Booking Holdings Split a $4,800 Stock 25 Ways. A $48M Bet Followed in Days.
Country Trust Bank added 287,114 post-split Booking Holdings shares worth $48.4 million within days of BKNG's 25-for-1 stock split. The timing tells you less about Booking's fundamentals and more about what institutional money actually does when the entry price drops.
Country Trust Bank just disclosed a 3,143% increase in its Booking Holdings position, adding 287,114 shares at roughly $168.48 per share. Total estimated value: $48.35 million. The 13F filing dropped April 10, four days after BKNG started trading on a split-adjusted basis.
The headline number is the share count. The real number is the implied conviction. Country Trust Bank manages approximately $5.5 billion. This position represents about 0.87% of that portfolio... not a rounding error, not a core bet. It's a sizing that says "we believe in the thesis enough to take a real position but not enough to call it high-conviction." I've seen this pattern in institutional filings dozens of times. It's the portfolio equivalent of ordering an appetizer before committing to the entree.
Strip away the split mechanics and the filing is a bet on Booking's forward earnings power. Q4 2025 revenue hit $6.35 billion (up 16% year-over-year). Q4 gross bookings reached $43 billion. Airline ticket sales grew 37%. Attraction tickets surged almost 80%. The "Connected Trip" strategy is producing measurable cross-sell, which is the variable that matters for margin expansion. Pre-split, 79% of 38 analysts rated the stock a buy, with a median target implying the market was underpricing Booking's diversification runway. Country Trust Bank apparently agreed.
Here's what the filing doesn't tell you. The timing, days after the split took effect, suggests this wasn't a sudden conviction shift. Splits don't change fundamentals. They change accessibility and options-contract economics. A $4,800 stock becomes a $168 stock, which opens the position to strategies (covered calls, collars) that are mechanically harder at four-figure share prices. My read: Country Trust Bank likely had this on the watchlist pre-split and used the post-split liquidity window to build the position efficiently. That's not exciting. It's competent portfolio management. The two are often confused.
The Q1 2026 earnings call is April 28. That's when we'll see whether the cross-sell thesis (airline, attractions, OpenTable integration) is producing margin expansion or just revenue growth on a treadmill. For anyone holding BKNG or evaluating OTA exposure in their hotel investment thesis, the number to watch isn't top-line bookings. It's take rate by product category. If Booking is selling more airline tickets at lower margins to subsidize hotel commission pressure, the revenue growth looks better than the economics actually are. Check again.

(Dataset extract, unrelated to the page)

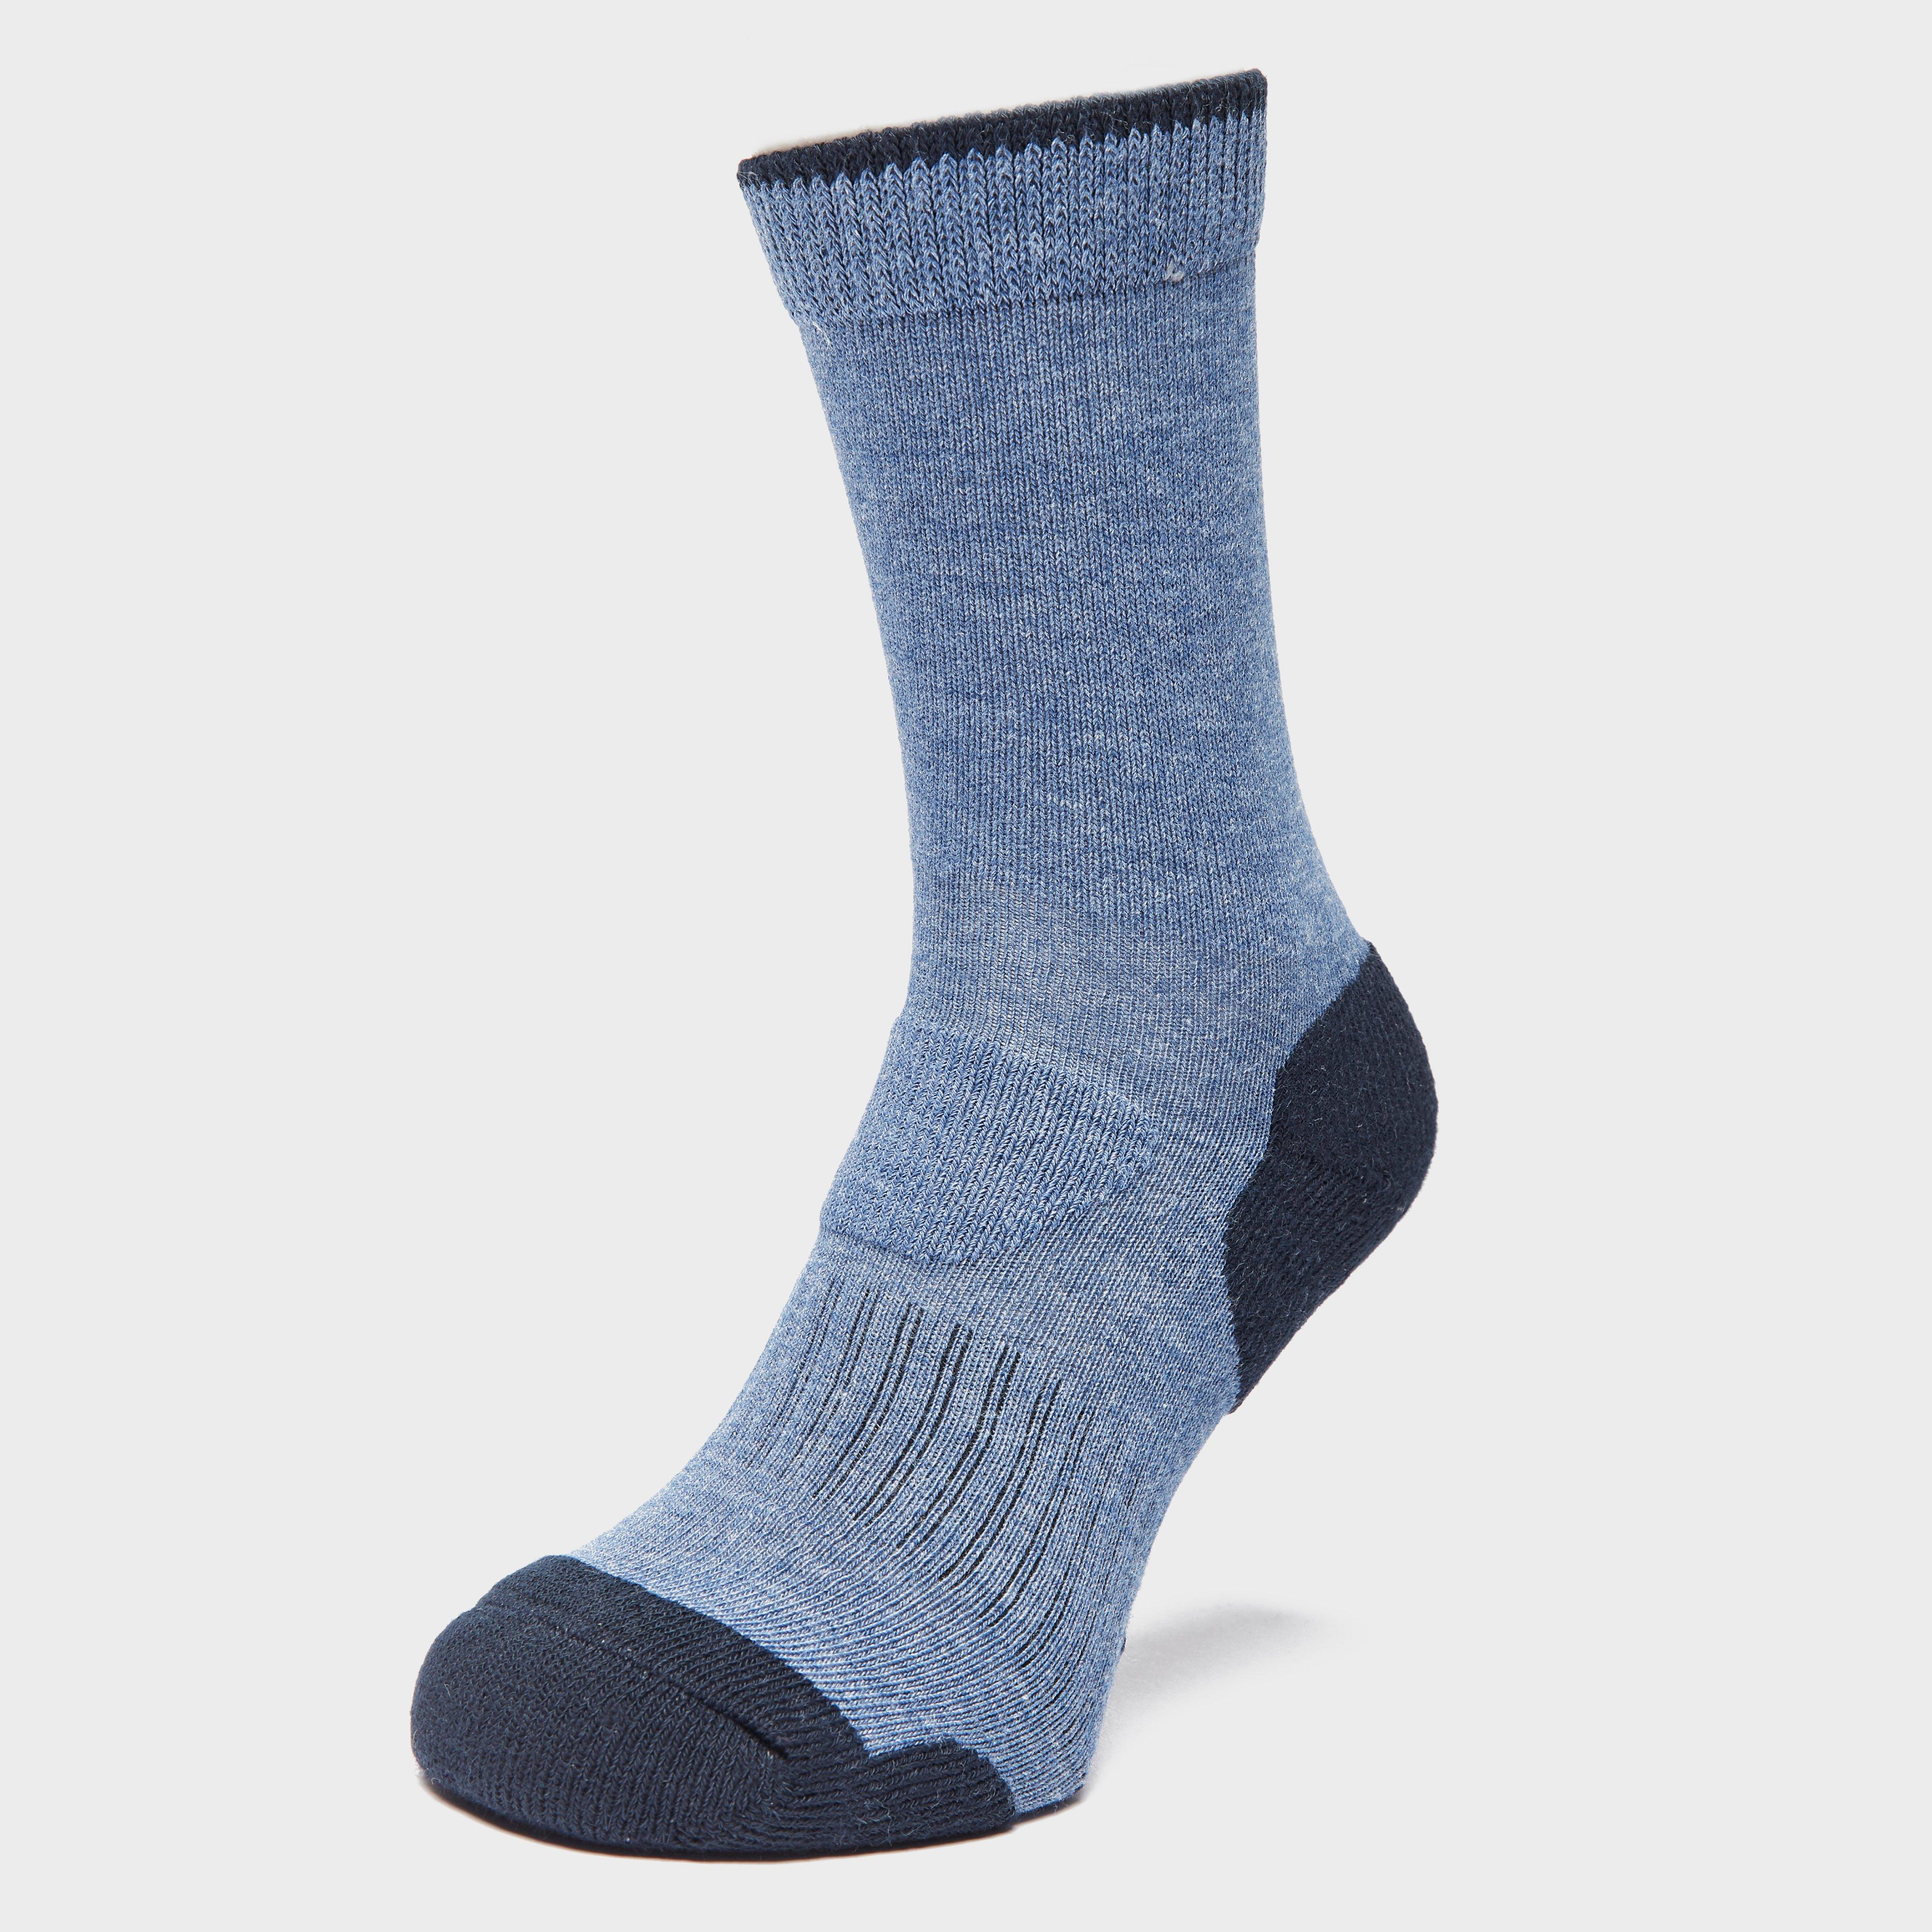 Brasher Womens Light Hiker Socks - Blue/blu  Blue/blu

Let me be direct. This isn't a hotel operations story. It's a capital markets signal about the company that controls a significant chunk of your bookings. If you're an owner or asset manager with OTA dependency above 30%, here's what matters: Booking's diversification into flights and attractions means their strategic priority is shifting. They're building a travel superstore, not a hotel booking engine. That means your commission negotiation leverage doesn't get better from here... it gets worse as hotels become one product among many. Take this as your prompt to pull your OTA mix report this week. Know your actual cost of acquisition by channel. If Booking is your top producer, start building the direct booking infrastructure that reduces that dependency before their next rate card update makes the math uglier.